Way back in November, I promised to show how to optimize my final version of GetPrimes. Today, I give you the solution to the problem:

using System;
using System.Collections.Generic;
using System.Linq;
 
namespace Utility
{
	public static class EnumerableUtility
	{
		public static IList<T> ToLazyList<T>(this IEnumerable<T> list)
		{
			return new LazyList<T>(list);
		}

		private class LazyList<T> : IList<T>, IDisposable
		{
			public LazyList(IEnumerable<T> list)
			{
				_enumerator = list.GetEnumerator();
				_isFinished = false;
				_cached = new List<T>();
			} 

			public T this[int index]
			{
				get
				{
					if (index < 0)
						throw new ArgumentOutOfRangeException("index"); 
					while (_cached.Count <= index && !_isFinished)
						GetNext();
					return _cached[index];
				}
				set
				{
					throw new NotSupportedException();
				}
			}

			public int Count
			{
				get
				{
					Finish();
					return _cached.Count;
				}
			}

			public IEnumerator<T> GetEnumerator()
			{
				int current = 0;
				while (current < _cached.Count || !_isFinished)
				{
					if (current == _cached.Count)
						GetNext();
					if (current != _cached.Count)
						yield return _cached[current];
					current++;
				}
			}

			public void Dispose()
			{
				_enumerator.Dispose();
				_isFinished = true;
			}

			public int IndexOf(T item)
			{
				int result = _cached.IndexOf(item);
				while (result == -1 && !_isFinished)
				{
					GetNext();
					if (_cached.Last().Equals(item))
						result = _cached.Count - 1;
				}

				return result;
			}

			public void Insert(int index, T item)
			{
				throw new NotSupportedException();
			}

			public void RemoveAt(int index)
			{
				throw new NotSupportedException();
			}

			public void Add(T item)
			{
				throw new NotSupportedException();
			}

			public void Clear()
			{
				throw new NotSupportedException();
			}

			public bool Contains(T item)
			{
				return IndexOf(item) != -1;
			}

			public void CopyTo(T[] array, int arrayIndex)
			{
				foreach (var item in this)
					array[arrayIndex++] = item;
			}

			public bool IsReadOnly
			{
				get { return true; }
			}

			public bool Remove(T item)
			{
				throw new NotSupportedException();
			}

			System.Collections.IEnumerator System.Collections.IEnumerable.GetEnumerator()
			{
				return GetEnumerator();
			}

			private void GetNext()
			{
				if (!_isFinished)
				{
					if (_enumerator.MoveNext())
					{
						_cached.Add(_enumerator.Current);
					}
					else
					{
						_isFinished = true;
						_enumerator.Dispose();
					}
				}
			}

			private void Finish()
			{
				while (!_isFinished)
					GetNext();
			} 

			readonly List<T> _cached;
			readonly IEnumerator<T> _enumerator;
			bool _isFinished;
		}
	}
}

Essentially, what the above code does is to wrap an IEnumerable<T> in a layer that disguises it as an IList<T>. Any value that we evaluate is automatically cached for easy lookup later, but we also don't evaluate values until they are specifically demanded.

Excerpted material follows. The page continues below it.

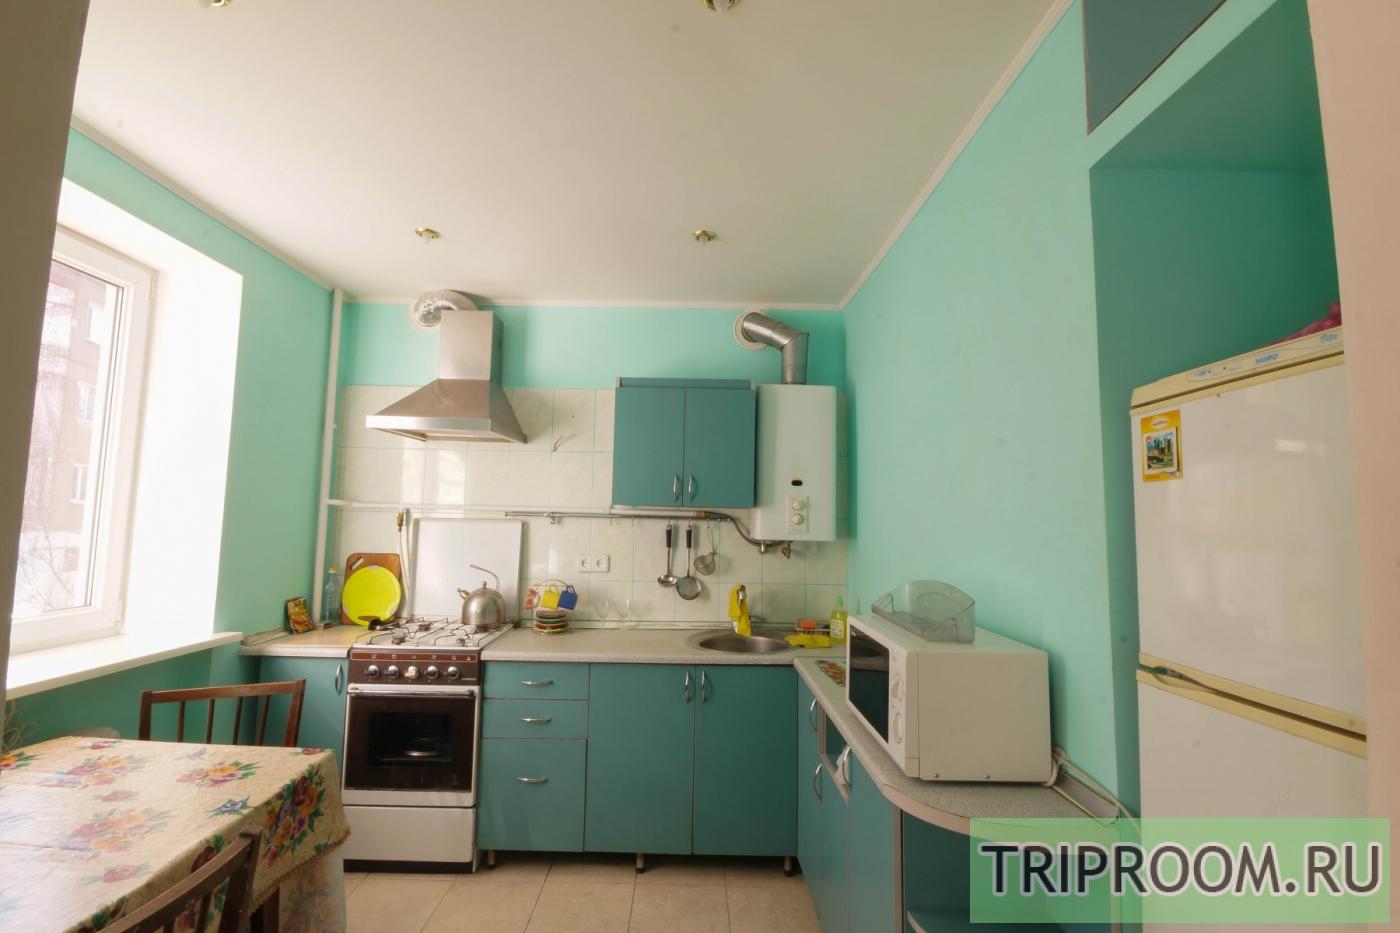 3-комнатная квартира посуточно (вариант № 19470), ул. Спера улица, фото № 6
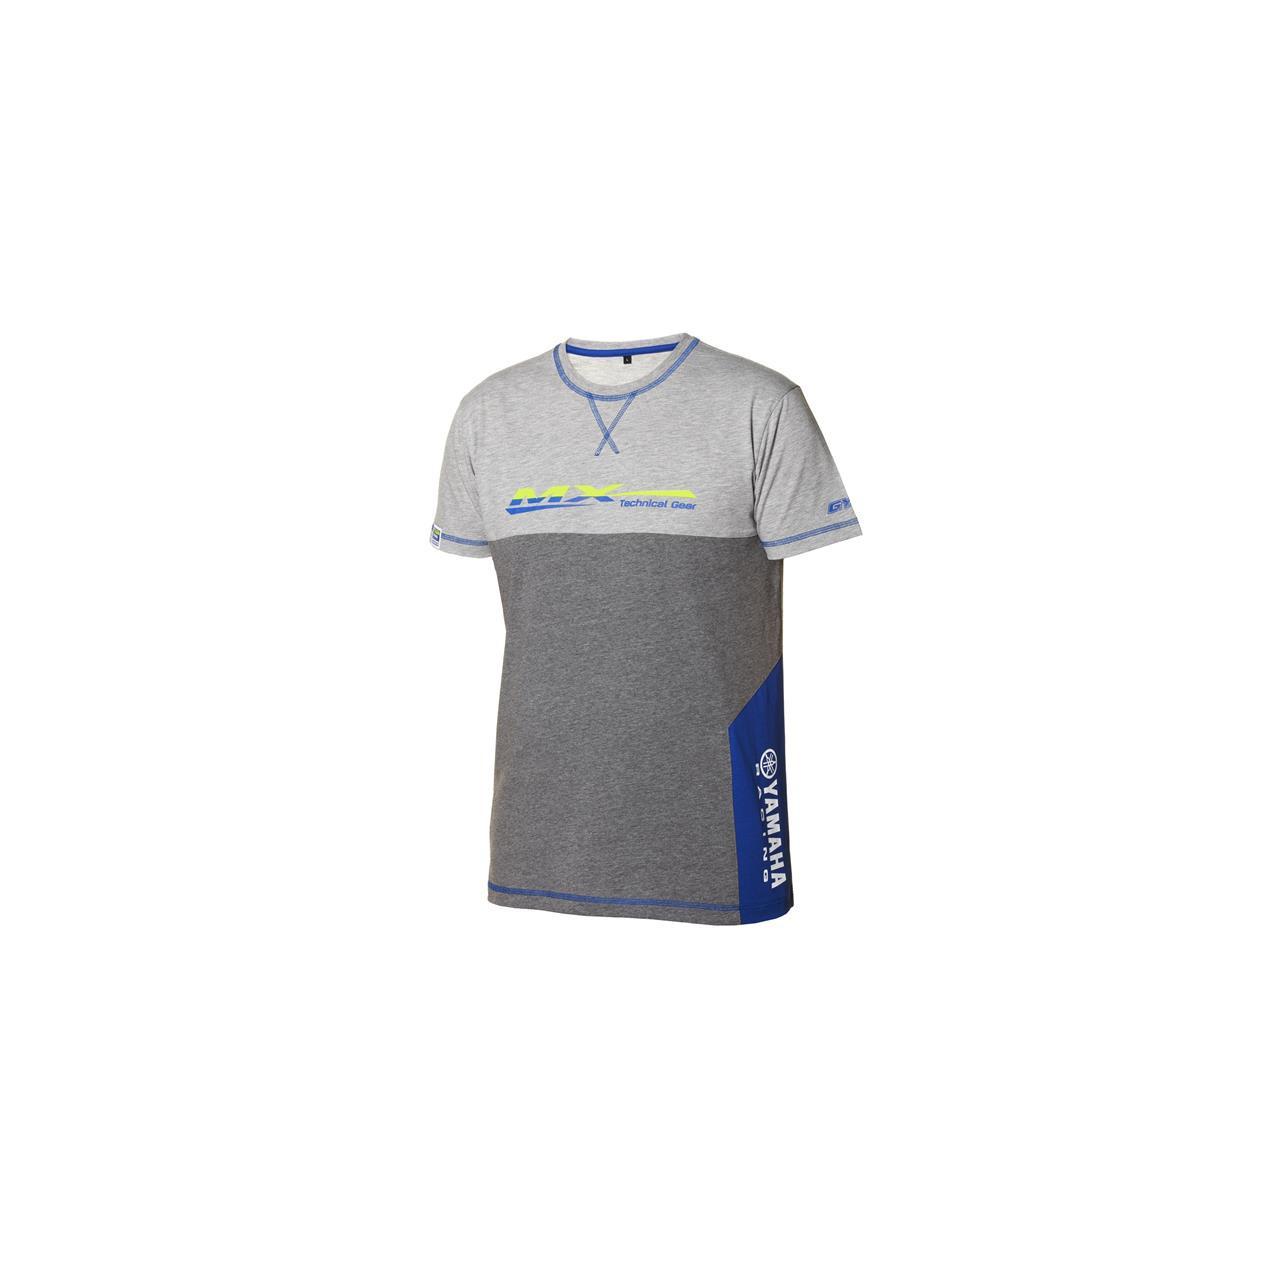 YAMAHA T-shirt adulte MX Ipswich 2017

The implication of this is that you no longer have to choose between caching all of your values up front and evaluating them lazily&emdash;you can have both with relatively little overhead.

Returning to our example of computing primes, if we simply replace this line:

primes = knownPrimes.Concat(computedPrimes)

With this one:

primes = knownPrimes.Concat(computedPrimes).ToLazyList();

Then everything is suddenly fine, and we can compute primes at a very rapid rate.